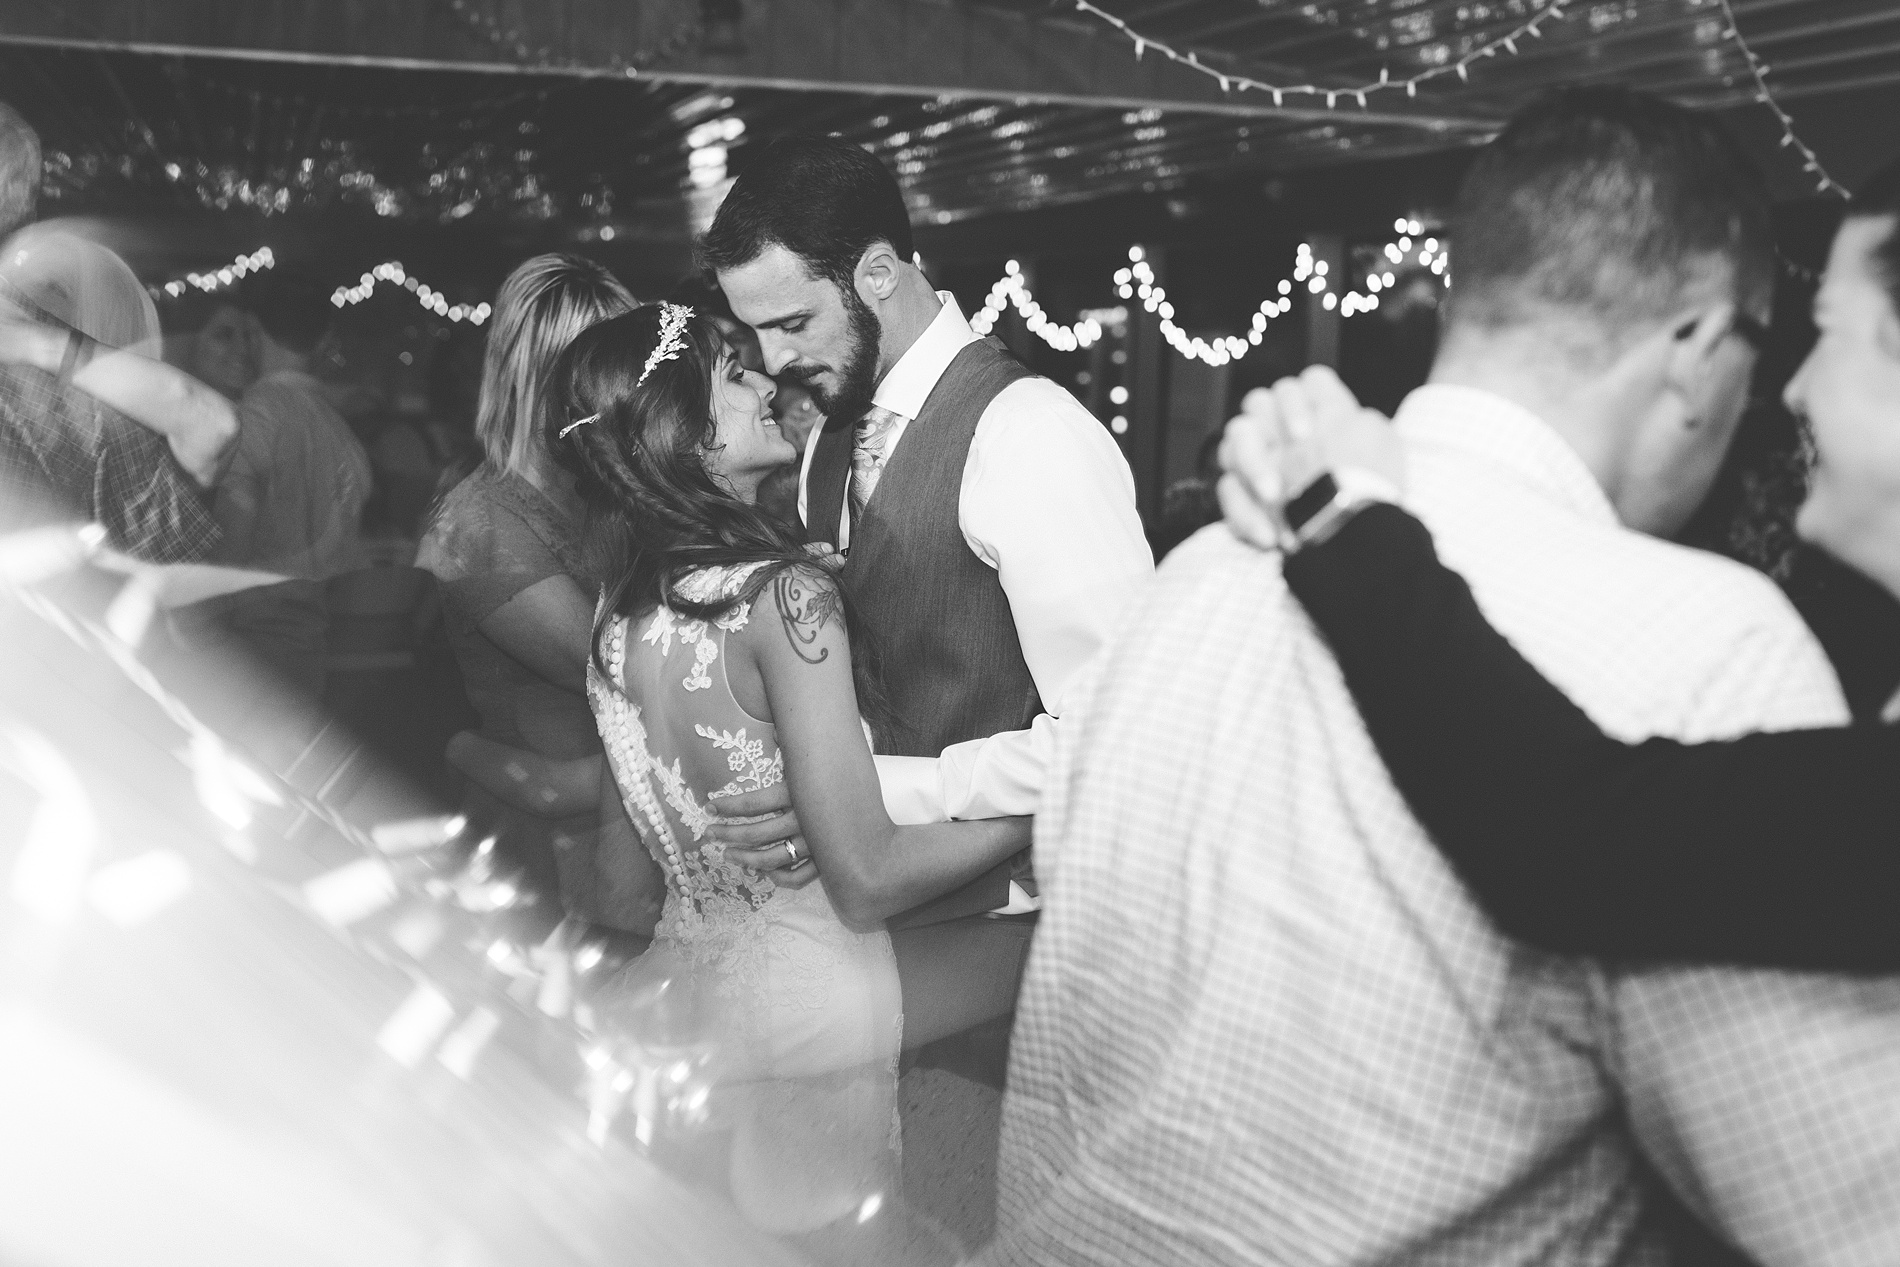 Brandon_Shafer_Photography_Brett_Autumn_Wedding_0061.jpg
____
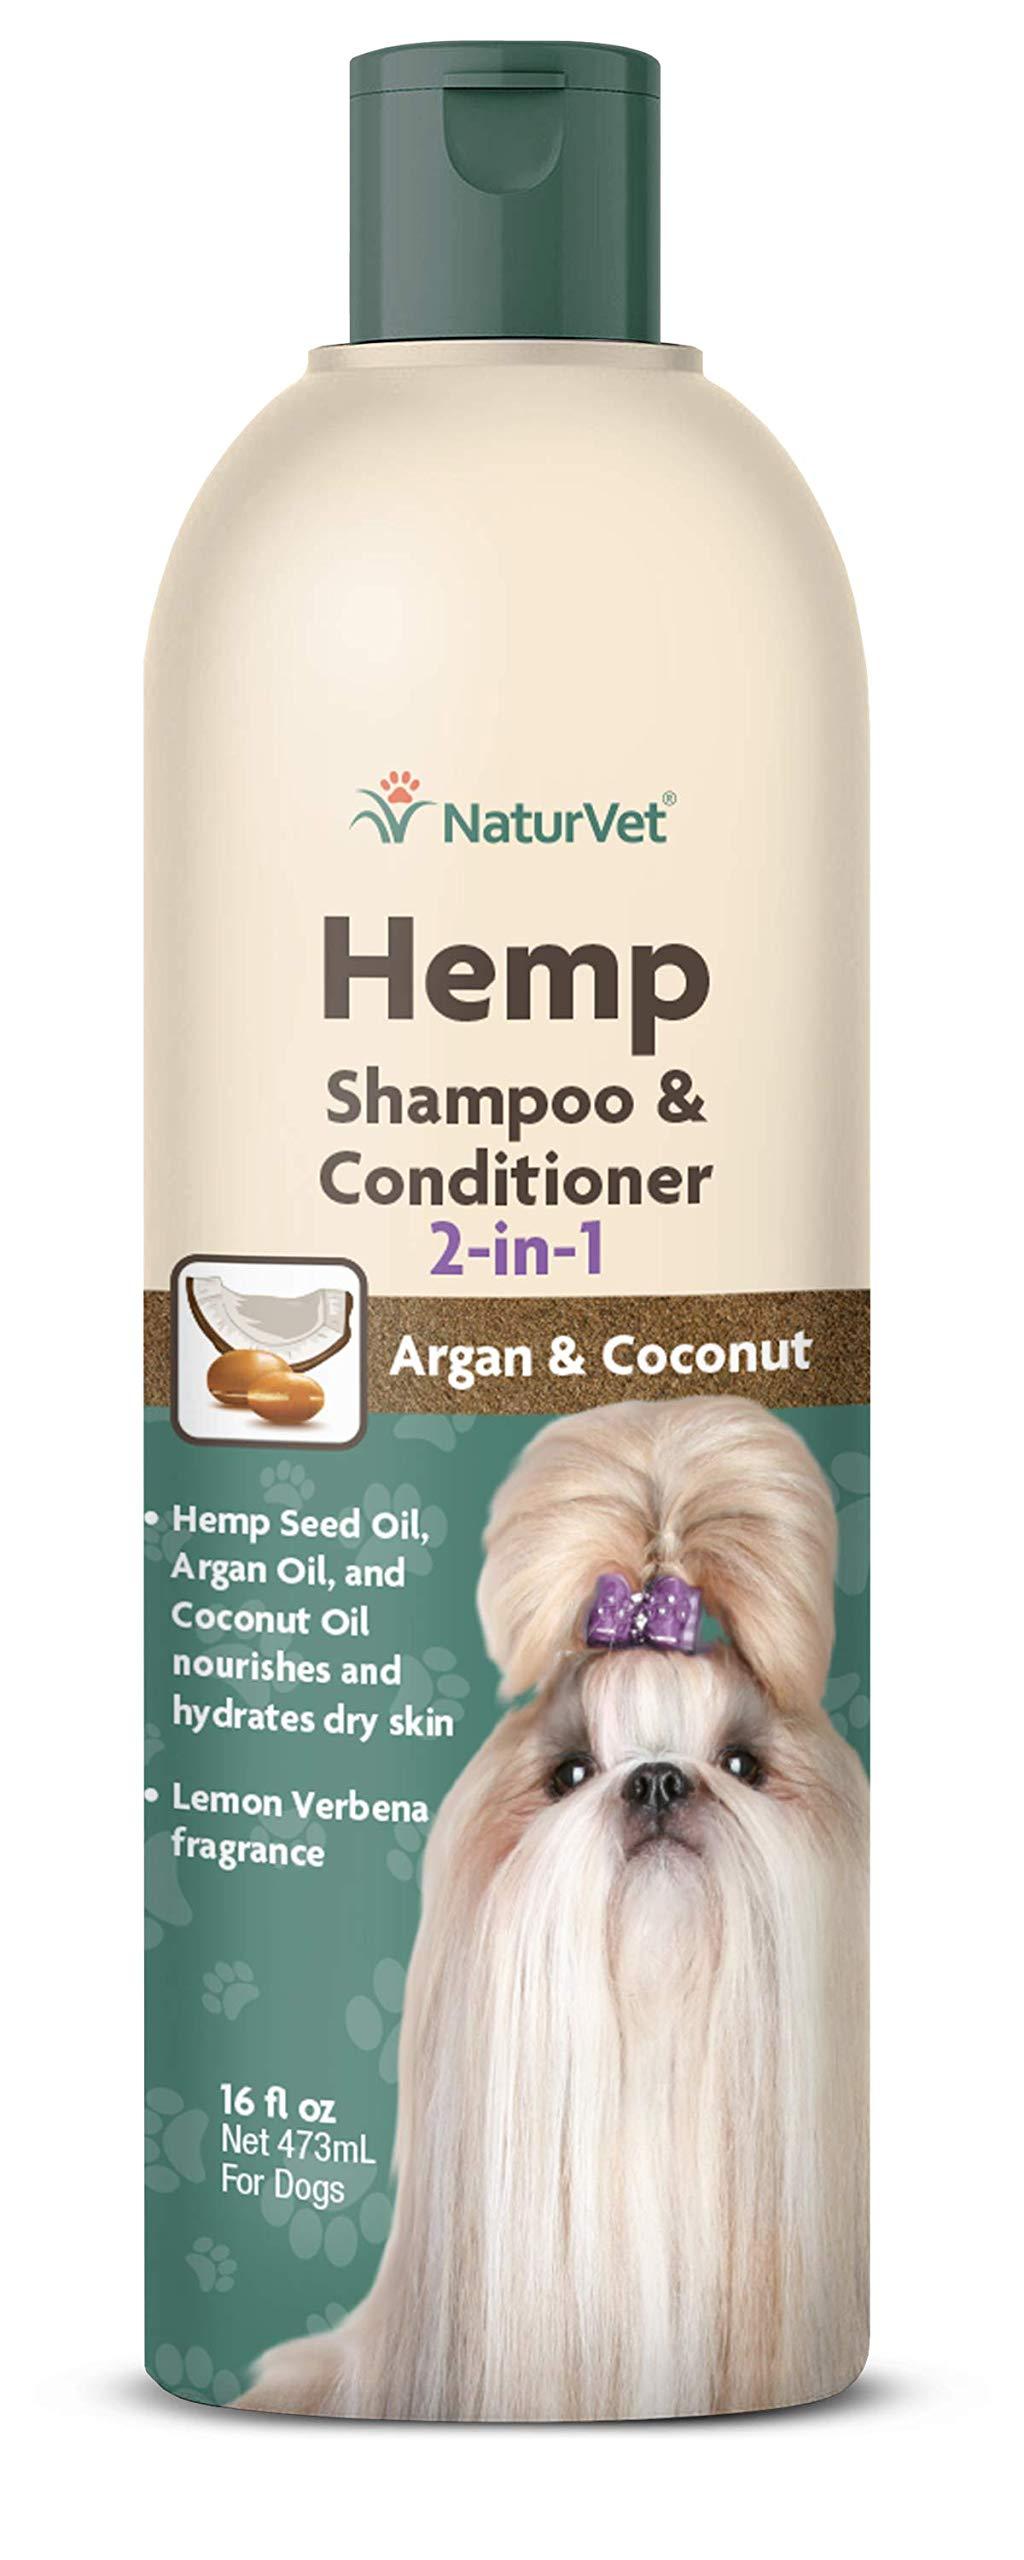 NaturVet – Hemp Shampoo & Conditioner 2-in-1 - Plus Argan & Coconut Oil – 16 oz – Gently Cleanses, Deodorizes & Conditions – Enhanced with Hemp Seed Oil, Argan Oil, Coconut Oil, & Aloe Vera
____
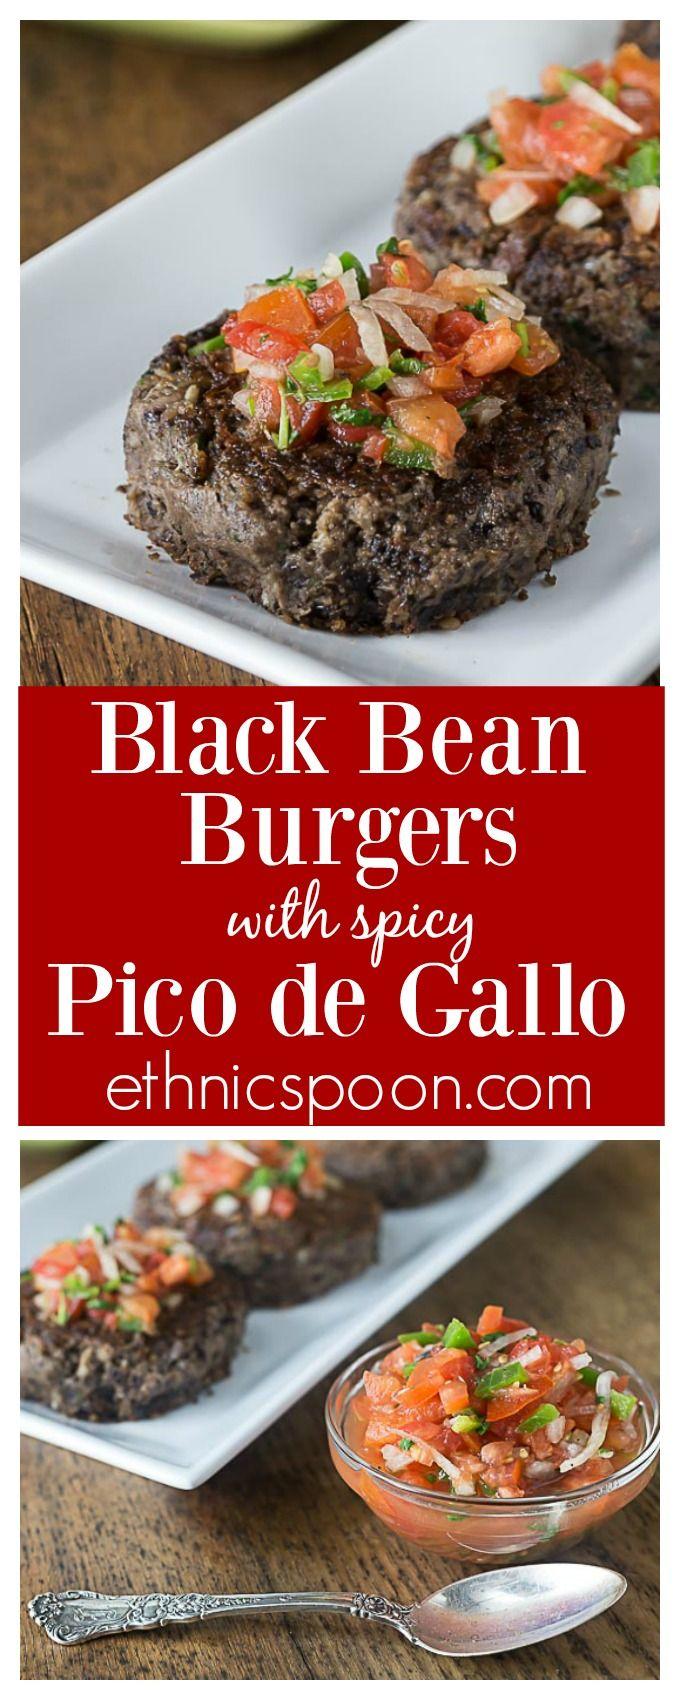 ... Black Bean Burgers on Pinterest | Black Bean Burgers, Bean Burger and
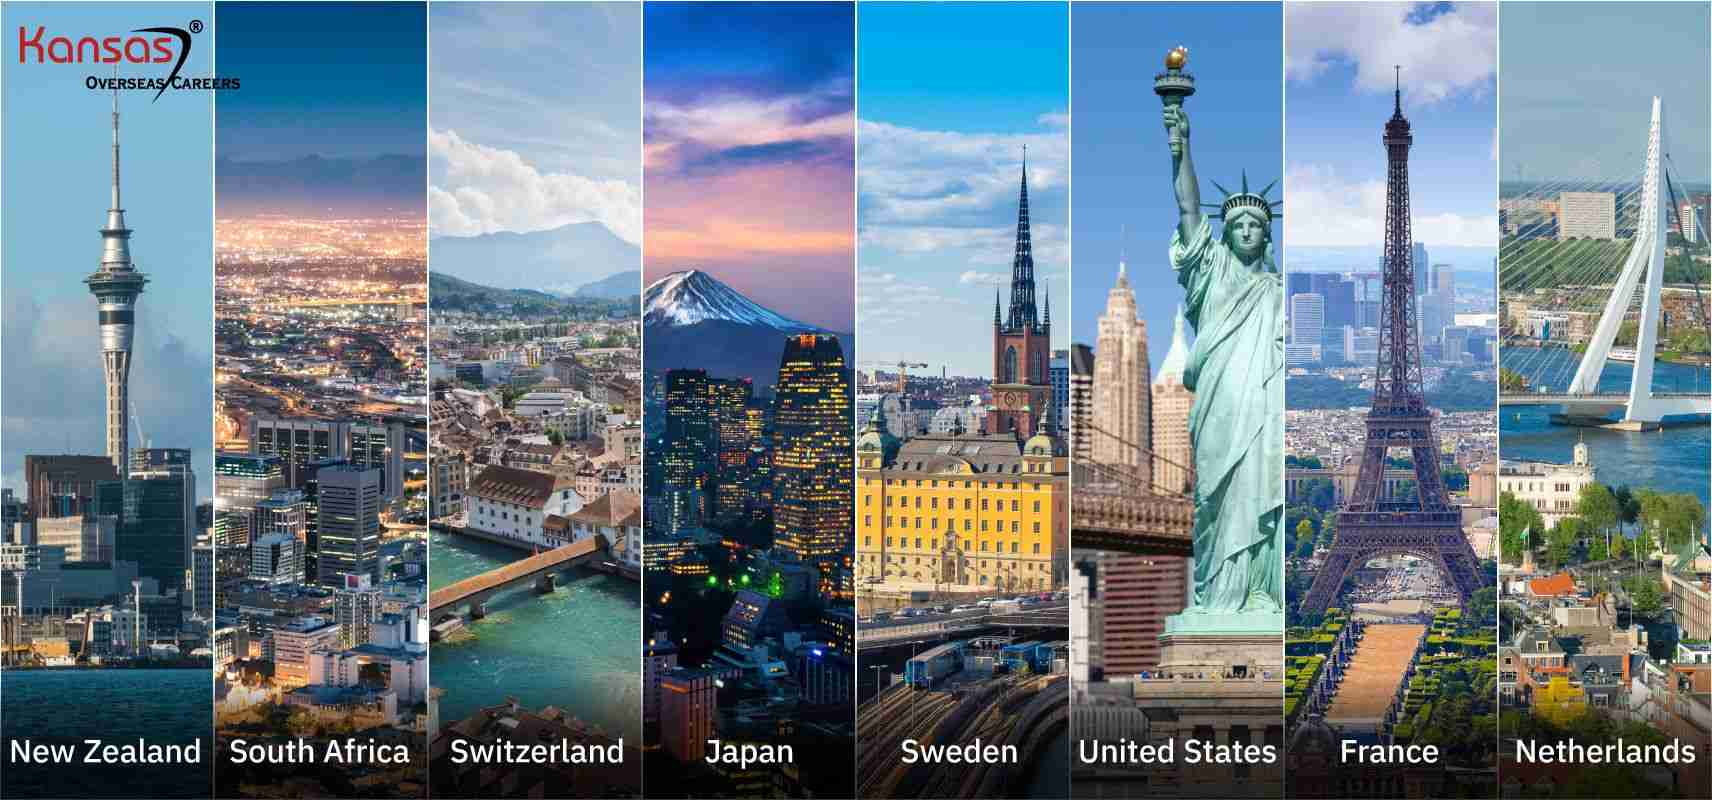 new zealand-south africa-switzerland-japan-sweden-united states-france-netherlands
____
• [The problem]
In the listing above, find the line containing "Bean Burger and". Output it and every line after it up to and including the line containing "new zealand-south africa-switzerland-japan-sweden-united", exactly, but skip the pictures.

• [Solution for this exercise]
 ... Black Bean Burgers on Pinterest | Black Bean Burgers, Bean Burger and
 new zealand-south africa-switzerland-japan-sweden-united states-france-netherlands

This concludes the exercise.